What did most New Englanders do for a living?

Many settlers in the New England Colonies—Massachusetts, New Hampshire, Connecticut, and Rhode Island—turned to the Atlantic Ocean to make a living. The majority of New Englanders, however, were farmers.

What types of jobs did New Englanders have?

New England settlers found work as fishermen, dock workers, sailors, shipbuilders, merchants and artisans. Most people farmed, but the poor soil made anything but bare subsistence farming impossible.

What did people in the New England colonies do for work?

The New England colonies were well suited for lumber, fishing, whaling, and fur trapping. The soil in the region was too rocky for large-scale farming like that found in the Mid-Atlantic and Southern colonies, so the New England colonists made use of the resources that their environment offered.

How was life in the New England Colonies?

Colonists in the New England colonies endured bitterly cold winters and mild summers. Land was flat close to the coastline but became hilly and mountainous farther inland. Soil was generally rocky, making farming difficult. Cold winters reduced the spread of disease.

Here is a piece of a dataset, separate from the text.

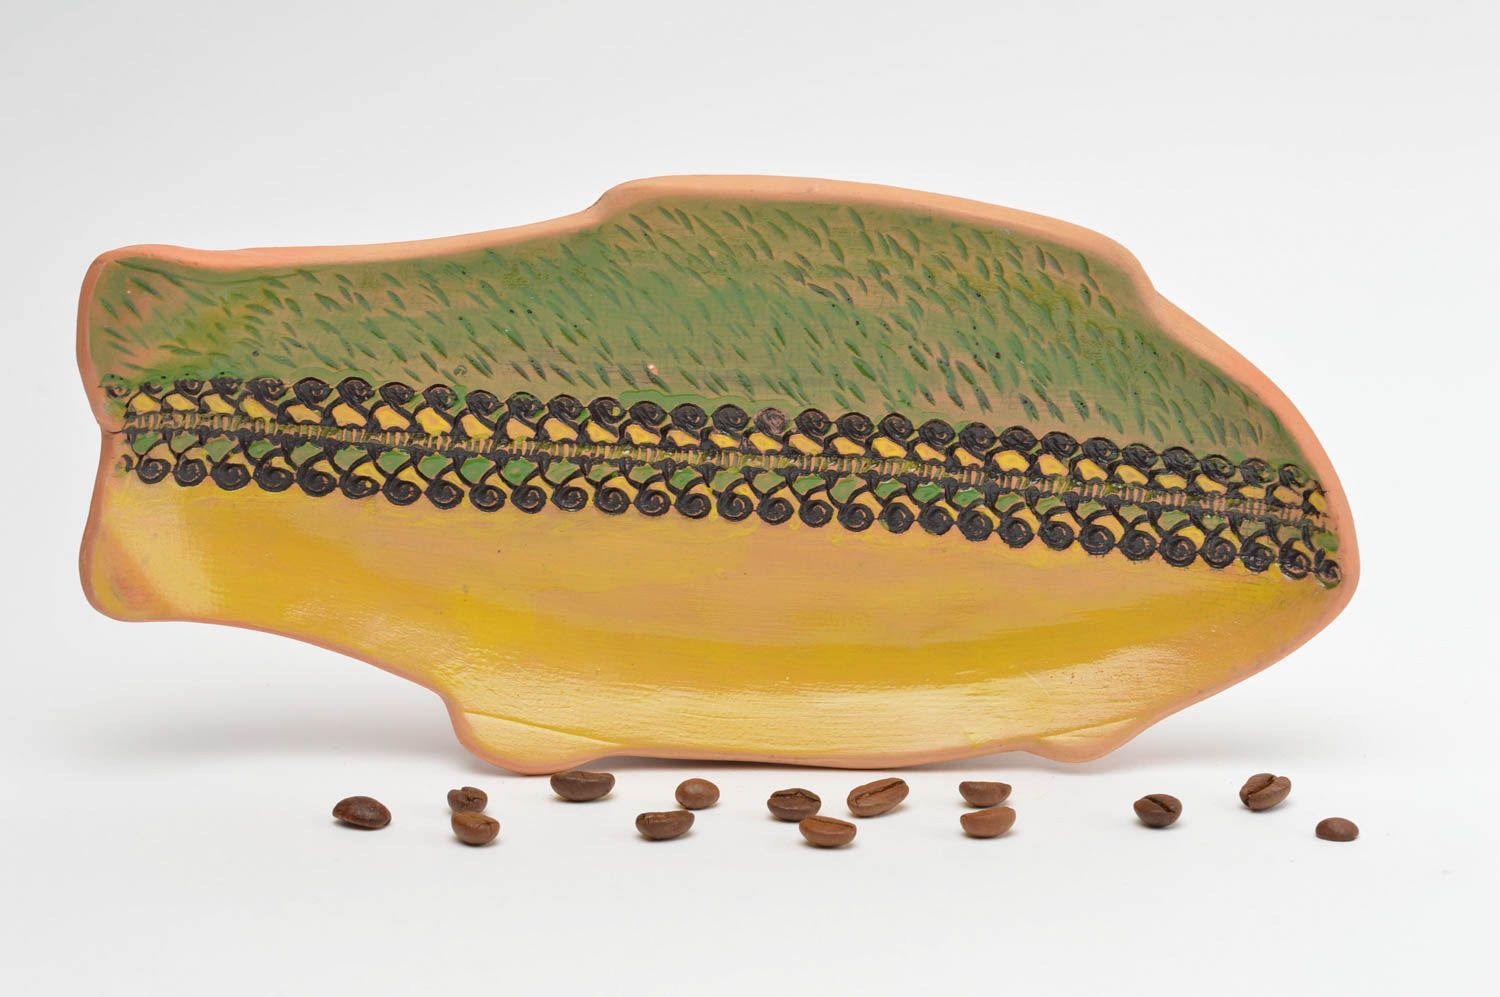 Тарелка декоративная из глины в виде рыбы желтая с зеленым цветная ручной работы фото 1

How did the geography of New England affect its economy and labor?

Economic activities and trade were dependant of the environment in which the Colonists lived. The geography and climate impacted the trade and economic activities of New England Colonies. In the New England towns along the coast, the colonists made their living fishing, whaling, and shipbuilding.

How did people make a living in New England?

New England’s economy depended on the environment. Its location near the Atlantic Ocean along a jagged coastline determined how people made a living. People in New England made money through fishing, whaling, shipbuilding, trading in its port cities and providing naval supplies. One of the busiest port cities was Boston.

What kind of jobs did New England settlers have?

New England settlers found work as fishermen, dock workers, sailors, shipbuilders, merchants and artisans. Most people farmed, but the poor soil made anything but bare subsistence farming impossible.

What was the religion of the New England colonies?

The primary religion of the New England colonies was the strict Puritan Christianity originally brought to the Massachusetts Bay colony by ships like the Mayflower, but as the colonies grew and changed, some of the colonists began to move away from that base.

What was the history of the New England colonies?

Centuries later, the New England colonies’ history shows the kind of duality that paints much of American history: The idea that native and immigrant cultures have come together to create the modern United States, coupled with the devastating conflicts and mistreatment that took place along the way.